A failure to capitalize on the anniversary celebrations isn’t the only squandered opportunity for the city and its history. Under former Mayor Jim Kenney, Philadelphia closed its own history museum, the Atwater Kent. The museum’s collection, which includes many priceless artifacts, was given to Drexel University in 2022. Was there any reason why the city couldn’t have secured grant money to keep the collection accessible to the public, as Drexel did a year later?

The city also has lost track of roughly 1,000 pieces of public art, with dozens of pieces missing or otherwise altered, and tens of millions of dollars worth of art owned by the school district have been locked away, sometimes in questionable condition, for decades. Works from prominent Philadelphians like Thomas Eakins and Henry Ossawa Tanner are likely rotting in storage.

Given our lack of ambition and disconcerting procrastination, it’s no wonder Philadelphia is being forced to share the Semiquincentennial stage with cities like Boston and Charleston, S.C.

This is particularly egregious when Philadelphia’s history and importance to America extends far beyond the two nation-defining documents that were drafted and signed here. When William Penn created what he called a “Holy Experiment,” the idea of people of different faiths living together in harmony and equality was considered far-fetched. Penn’s Charter of Privileges may fall short of modern expectations of religious freedom, but it was revolutionary for an era defined by religious warfare and persecution.
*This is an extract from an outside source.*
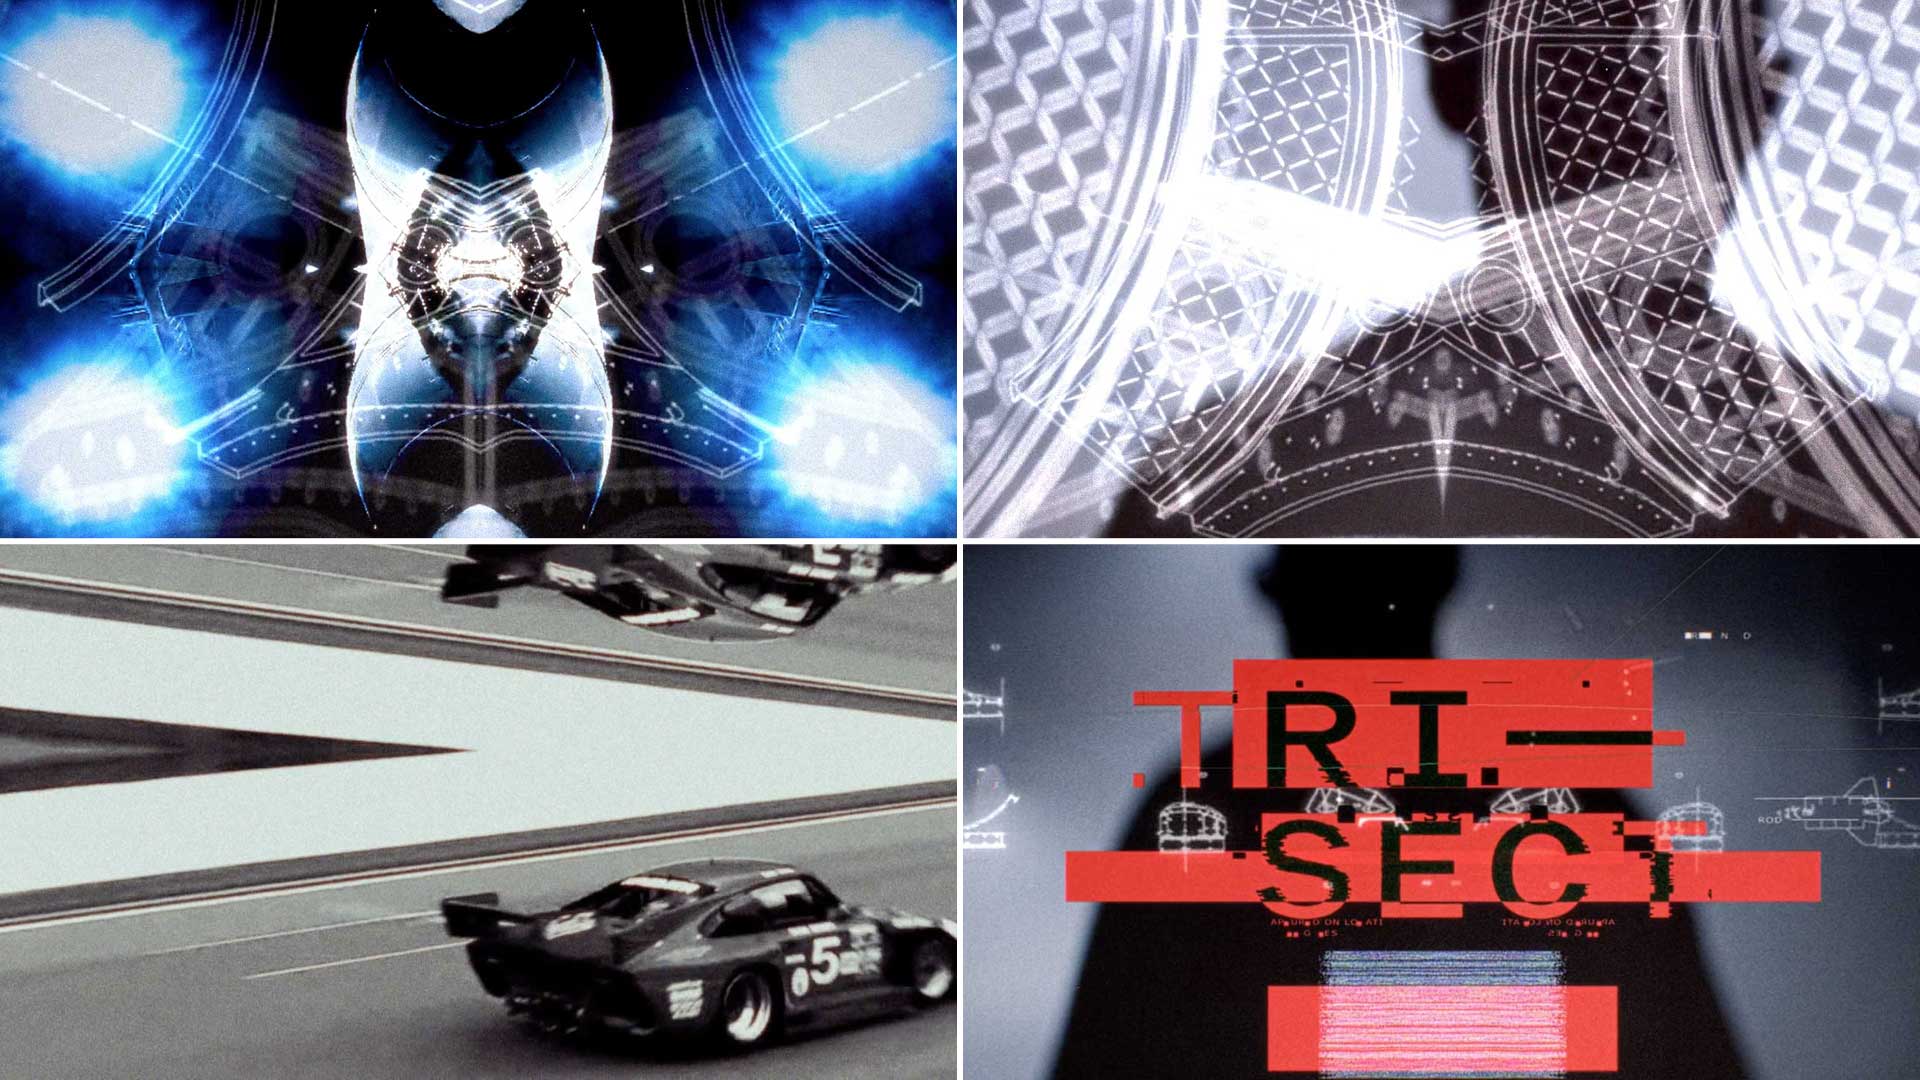 Ash Thorp Wraps “Tri-Sect” Short Film in Design, Science, and Mystery – Motion design [Video]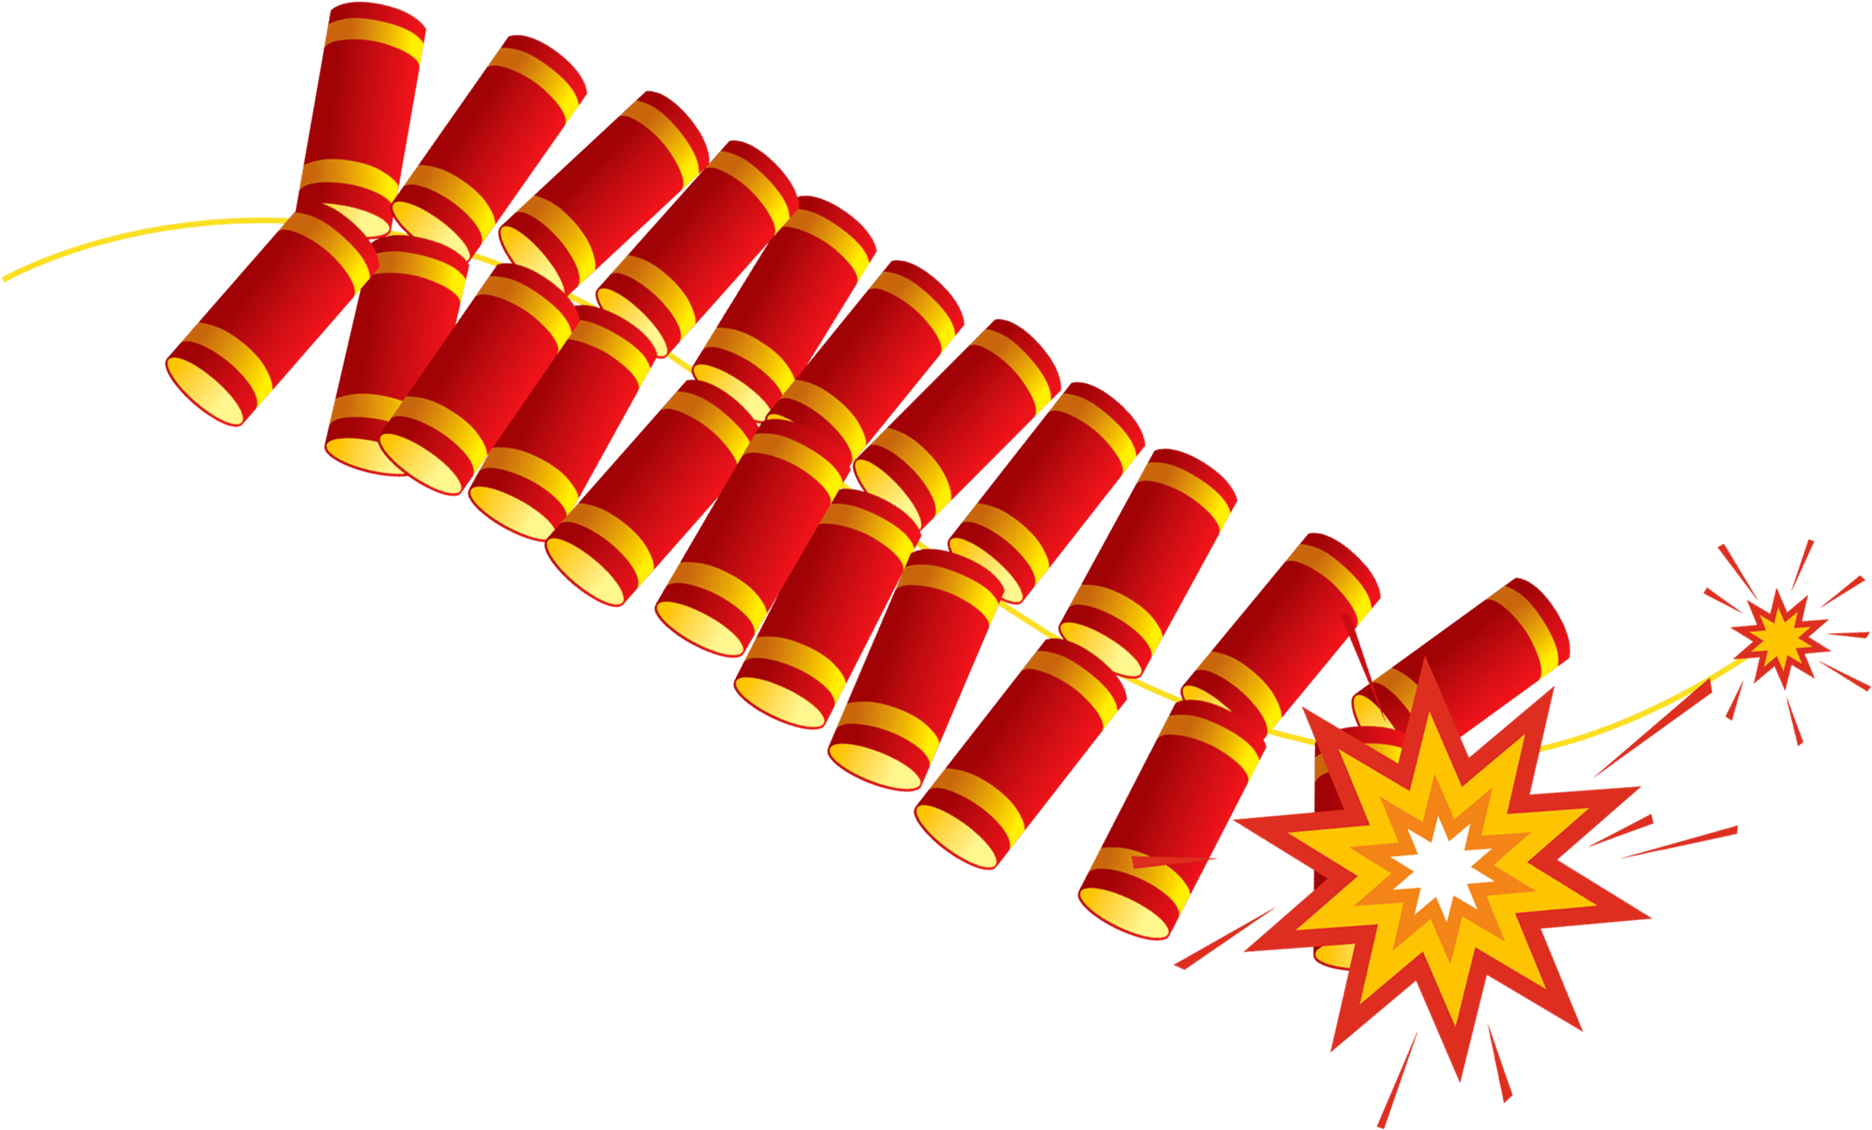 Exploding Firecracker Graphic PNG

Philadelphians rallied to save the American Experiment, serving by the thousands in the Union Army and marching down to Charleston with fire and steel to make the promises of freedom real for all Americans. These veterans returned and made the city the “workshop of the world,” and filled the streets with rowhouses designed for dignified and affordable urban living, while the Frankford Arsenal’s Bullet Row became home to “the street that beat Hitler.”

Arguably no other city has done more to elevate the cause of freedom and democracy than our own. Such a legacy seems impossible to squander, but some of Philadelphia’s leaders seem determined to try.